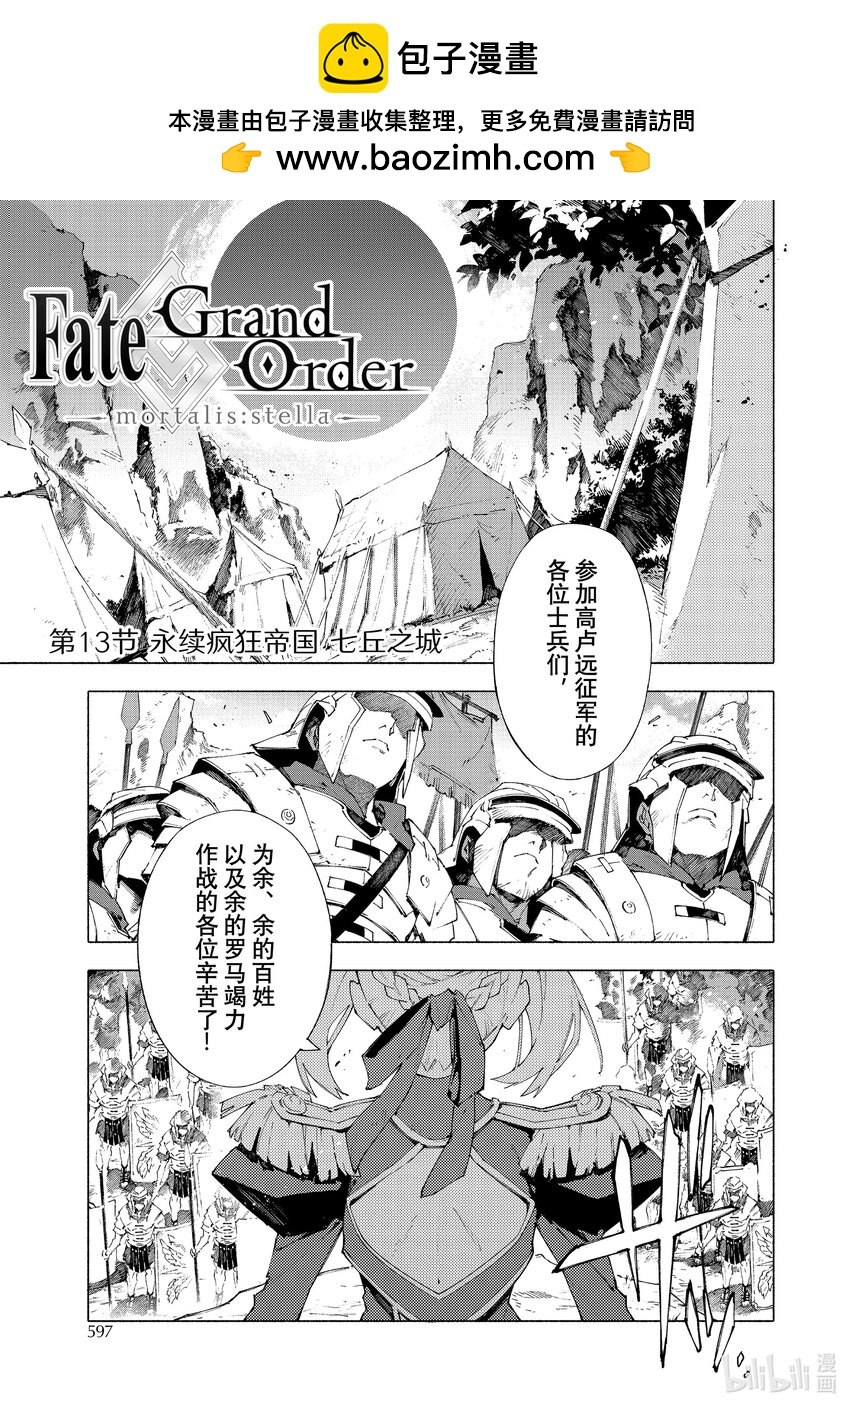 Fate/Grand Order -mortalis:stella- - 13-1 永續瘋狂帝國 七丘之城 - 1
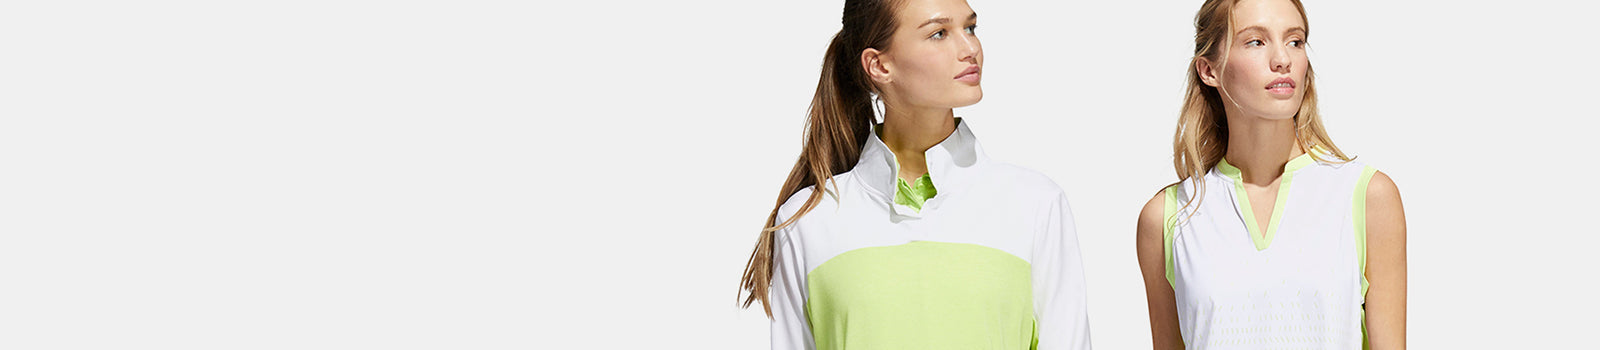 Adidas women's golf wear Infinite energy collection
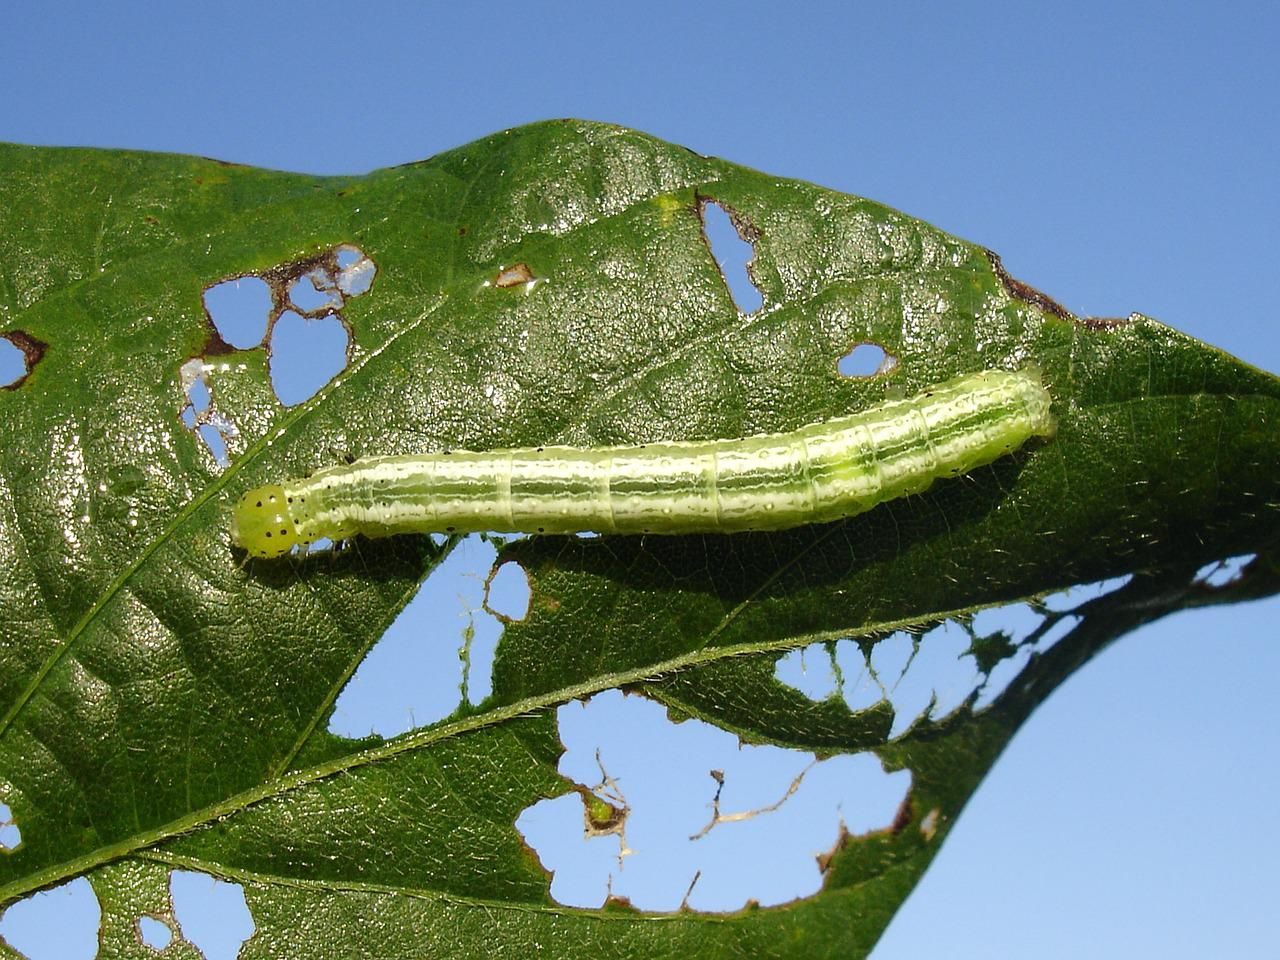 Caterpillar eating a leaf
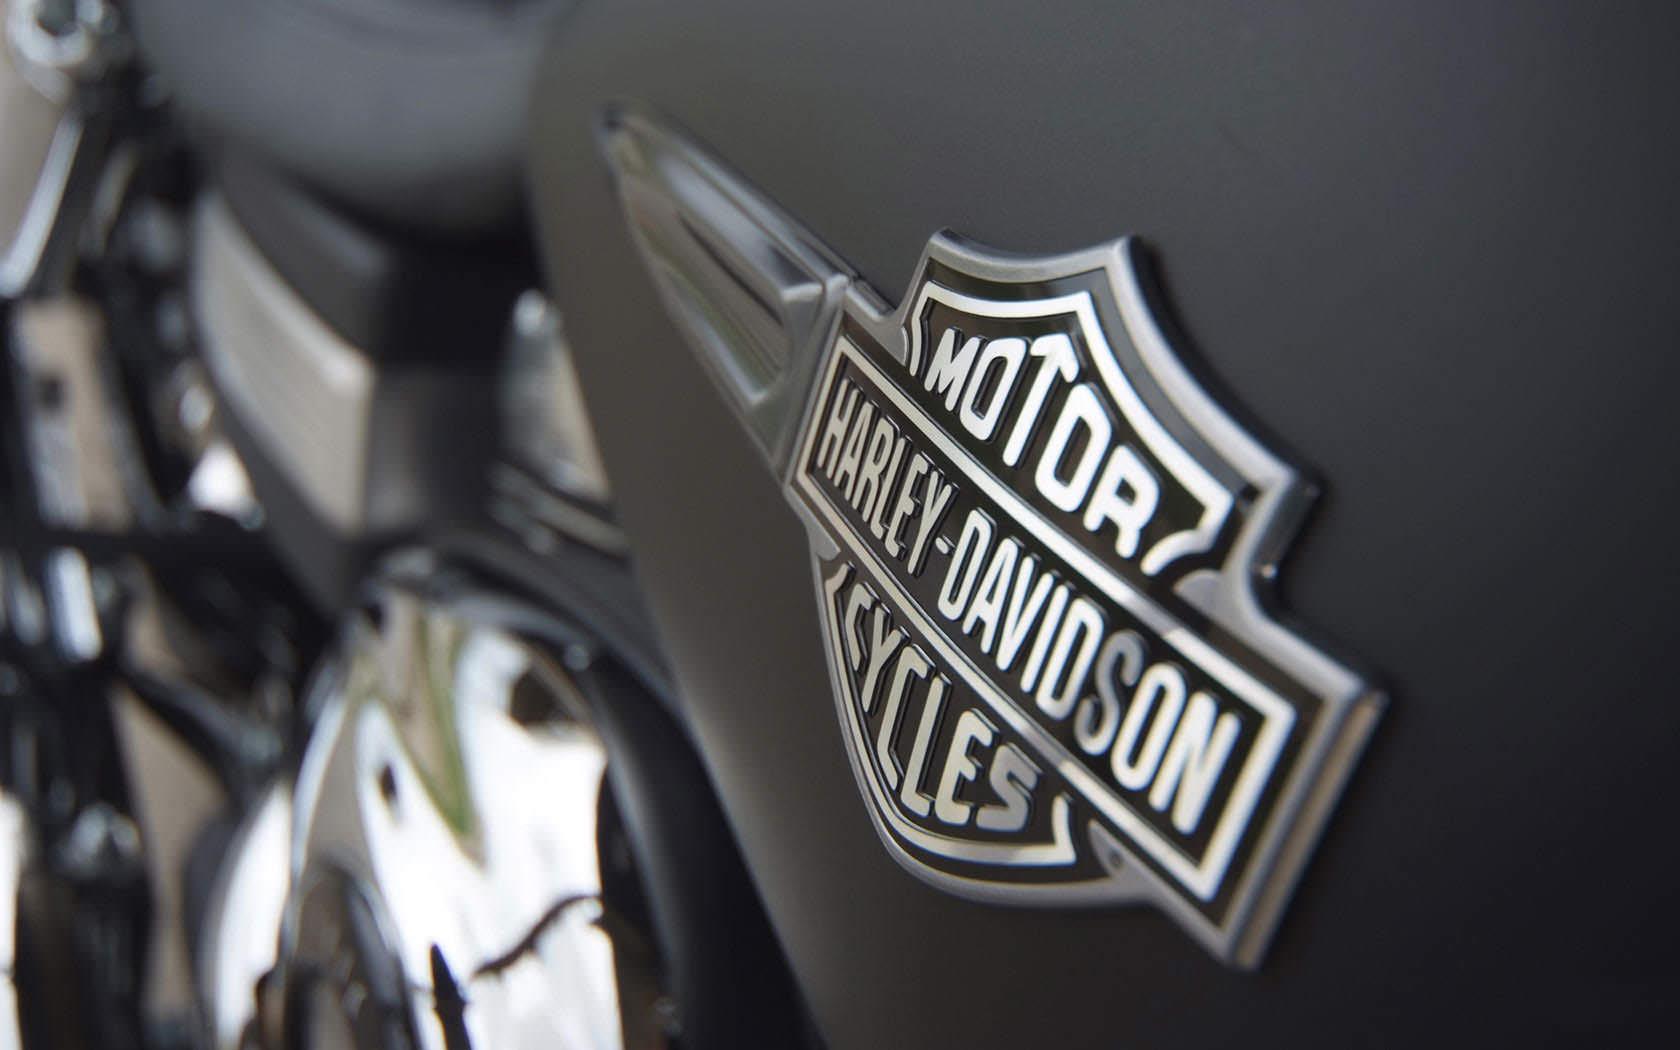 Harley Davidson Is Big Motor Wallpaper HD 701 Wallpaper
::::::::::
# TASK DETAILS
Here the job is to print all the data exactly, skipping any image.

# TASK OUTPUT
 Fate/Grand Order -mortalis:stella- - 13-1 永續瘋狂帝國 七丘之城 - 1
 Adidas women's golf wear Infinite energy collection
 Caterpillar eating a leaf
 Harley Davidson Is Big Motor Wallpaper HD 701 Wallpaper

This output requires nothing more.